= List of churches in the Diocese of Evansville =

This is a list of churches in the Diocese of Evansville. The diocese covers southwestern Indiana in the United States. It includes the cities of Evansville and Vincennes. The cathedral church of the archdiocese is St. Benedict's Cathedral in Evansville.

== South Deanery ==
The parishes in the deanery are located in Evansville and other nearby communities..

| Name | Image | Location | Description/Notes |
|---|---|---|---|
| All Saints |  | 704 N First Ave, Evansville | Formed in 2015 with merger of St. Anthony of Padua and St. Joseph Parishes |
|  |  |  | St. Anthony of Padua, Evansville – founded in 1888 |
|  |  |  | St. Joseph, Evansville – founded in 1905 |
| Annunciation of the Lord |  | 3010 E Chandler Ave, Evansville | Formed in 2014 with merger of Christ the King and Holy Spirit Parishes |
|  |  |  | Christ the King – founded in 1942 |
|  |  |  | Holy Spirit, Evansville – founded in 1952 |
| Good Shepherd |  | 2301 N Stockwell Rd, Evansville | Founded in 1955, merged with St. Theresa Parish in 2016 |
|  |  |  | St. Theresa Parish – founded in 1947 |
| Holy Redeemer |  | 918 W Mill Rd, Evansville | Founded in 1952 |
| Holy Rosary |  | 1301 S Green River Rd, Evansville | Founded in 1950, merged in 2016 with Nativity Parish |
|  |  |  | Nativity, Evansville – founded in 1962 |
| Resurrection |  | 5301 New Harmony Rd, Evansville | Founded in 1954 |
| St. Benedict Cathedral |  | 1328 Lincoln Ave, Evansville | Founded in 1912, dedicated as cathedral in 1999 |
| St. Boniface |  | 418 N Wabash Ave, Evansville | Founded in 1881, merged with Sacred Heart and St. Agnes in 2014 |
|  |  |  | St. Agnes, Evansville – founded in 1892 |
|  |  |  | Sacred Heart, Evansville – founded in 1885 |
| St. Clement |  | 422 E Sycamore St, Boonville | Founded in 1880, merged with St. Rupert Parish in 2014 |
|  |  |  | St. Rupert, Red Bush – founded in 1865 |
| St. John the Baptist |  | 625 Frame Rd, Newburgh | Founded in 1866 |
| St. John the Evangelist |  | 5301 Daylight Drive Evansville | Founded in 1868 |
| St. Joseph |  | 6202 W St. Joseph Rd, Evansville | Founded in 1841 |
| Sts. Mary and John |  | 613 Cherry St, Evansville | Founded in 2015 with the merger of St. Mary, St. John and Trinity Parishes |
|  |  |  | St. Mary, Evansville – founded in 1867 |
|  |  |  | St. John, Evansville – Founded in 1941 |
|  |  |  | Holy Trinity, Evansville – Founded in 1848 |

== North Deanery ==
The parishes in this deanery are located in Greene, Knox, Sullivan, Daviess and Martin Counties.

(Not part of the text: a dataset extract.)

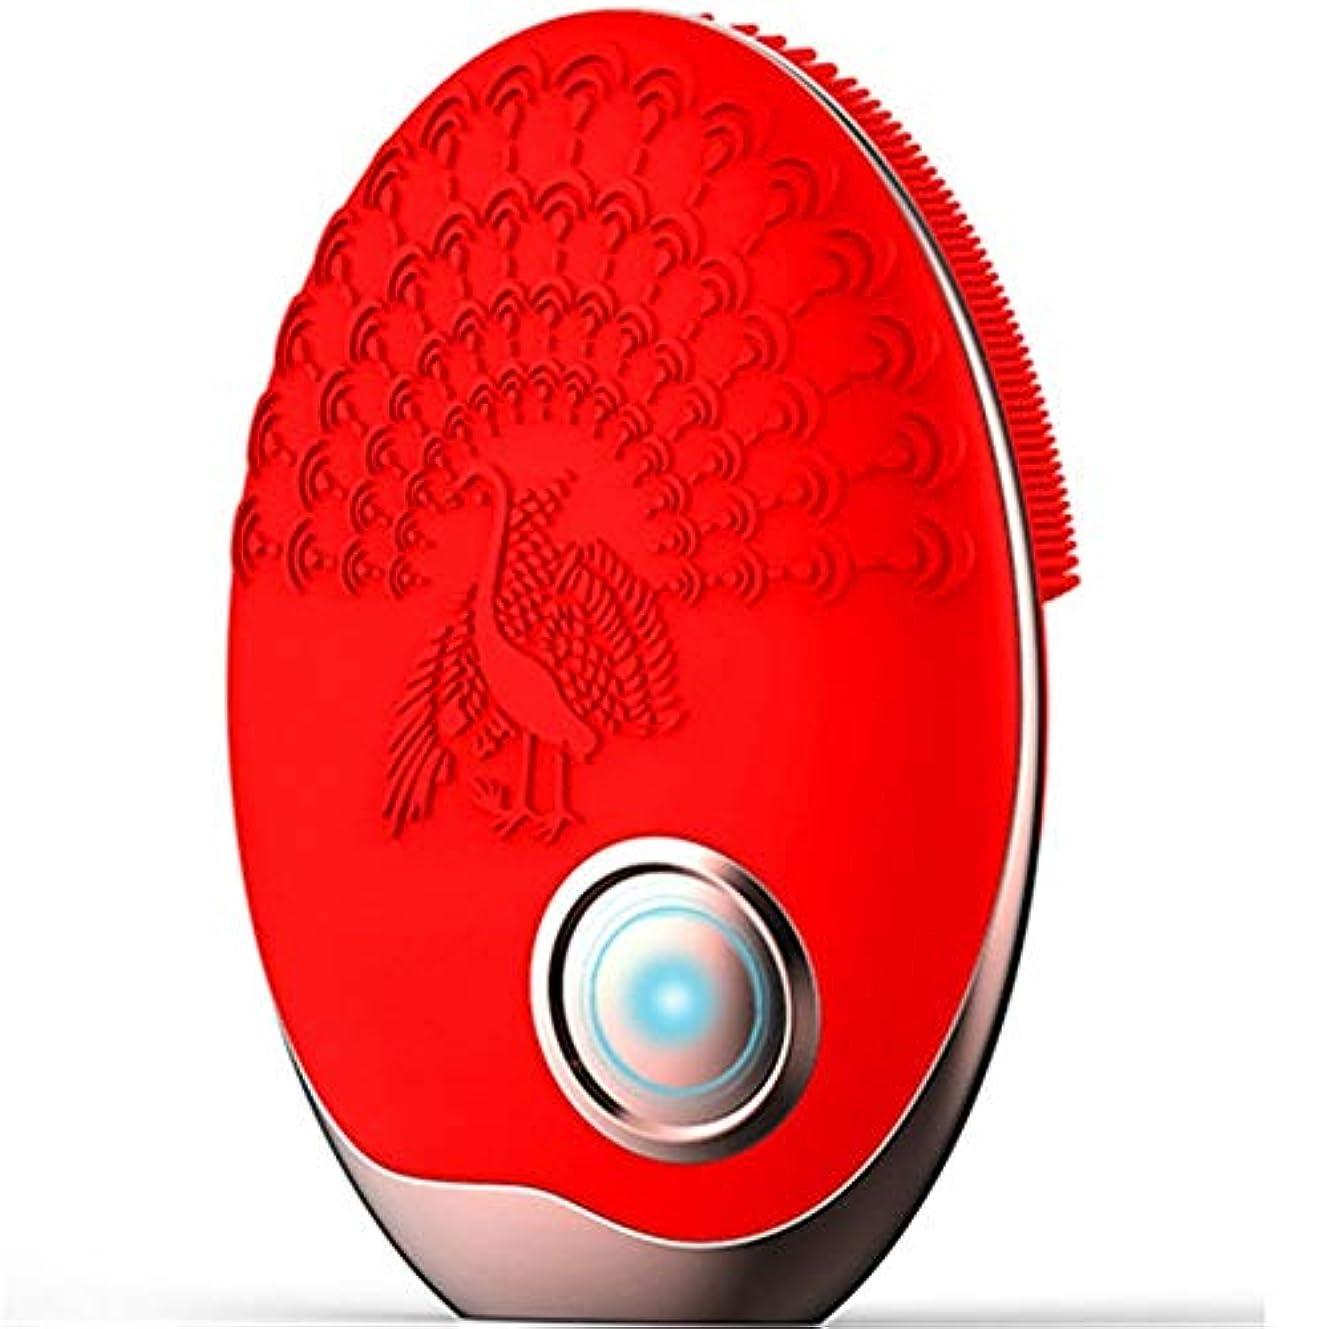 家禽家禽傑出したZHILI 洗顔ブラシ、ワイヤレス充電クレンジング美容器具、電気掃除用ブラシ、超音波振動洗浄用ブラシ、シリコーン洗濯機 (Color : Red)

| Name | Image | Location | Description/Notes |
|---|---|---|---|
| Holy Name |  | 700 Lincoln Dr,Bloomfield | Founded in 1959 |
| Our Lady of Hope |  | 315 NE Third St, Washington | Founded in 2015 with the merger of St. Simon and St. Mary Parishes |
|  |  |  | St. Simon, Washington – founded in 1837 |
|  |  |  | St. Mary, Sullivan – Founded in 1874 |
| St. Francis Xavier |  | 205 Church St, Vincennes | Founded in 2016 with the merger of Sacred Heart, St. John the Baptist, St. Thomas the Apostle, St. Vincent de Paul and the Basilica of St. Francis Xavier |
|  |  |  | Basilica of St. Francis Xavier, Vincennes – founded in 1791 |
|  |  |  | Sacred Heart, Vincennes – founded in 1908 |
|  |  |  | St. John the Baptist, Vincennes – founded in 1847 |
|  |  |  | St. Thomas the Apostle, Vincennes – founded in 1843 |
|  |  |  | St Vincent de Paul, Vincennes – founded in 1847 |
| St. Joan of Arc |  | 327 W McKinley St. Jasonville | Founded in 1908 |
| St. John |  | 408 Church Street Loogootee | Founded in 1859, merged in 2014 with St. Joseph, St. Mary and St. Martin Parishes |
|  |  |  | St. Joseph, Bramble – founded in 1853 |
|  |  |  | St. Mary, Shoals – founded in 1869 |
|  |  |  | St. Martin, Winfield – founded in 1875 |
| St. Mary |  | 105 E Jackson Street, Sullivan | Founded in 1867 |
| St. Peter |  | 489 E Street NE, Linton | Founded in 1901 |
| St. Peter |  | 305 N Second St, Montgomery | Founded in 1818, merged in 2014 with All Saints Parish |
|  |  |  | All Saints, Cannelburg – founded in 1891 |
| St. Philip Neri |  | 605 W Fourth St, Bicknell | Founded in 1908 |

== East Deanery ==
The parishes in this deanery are located in Dubois and Spencer Counties.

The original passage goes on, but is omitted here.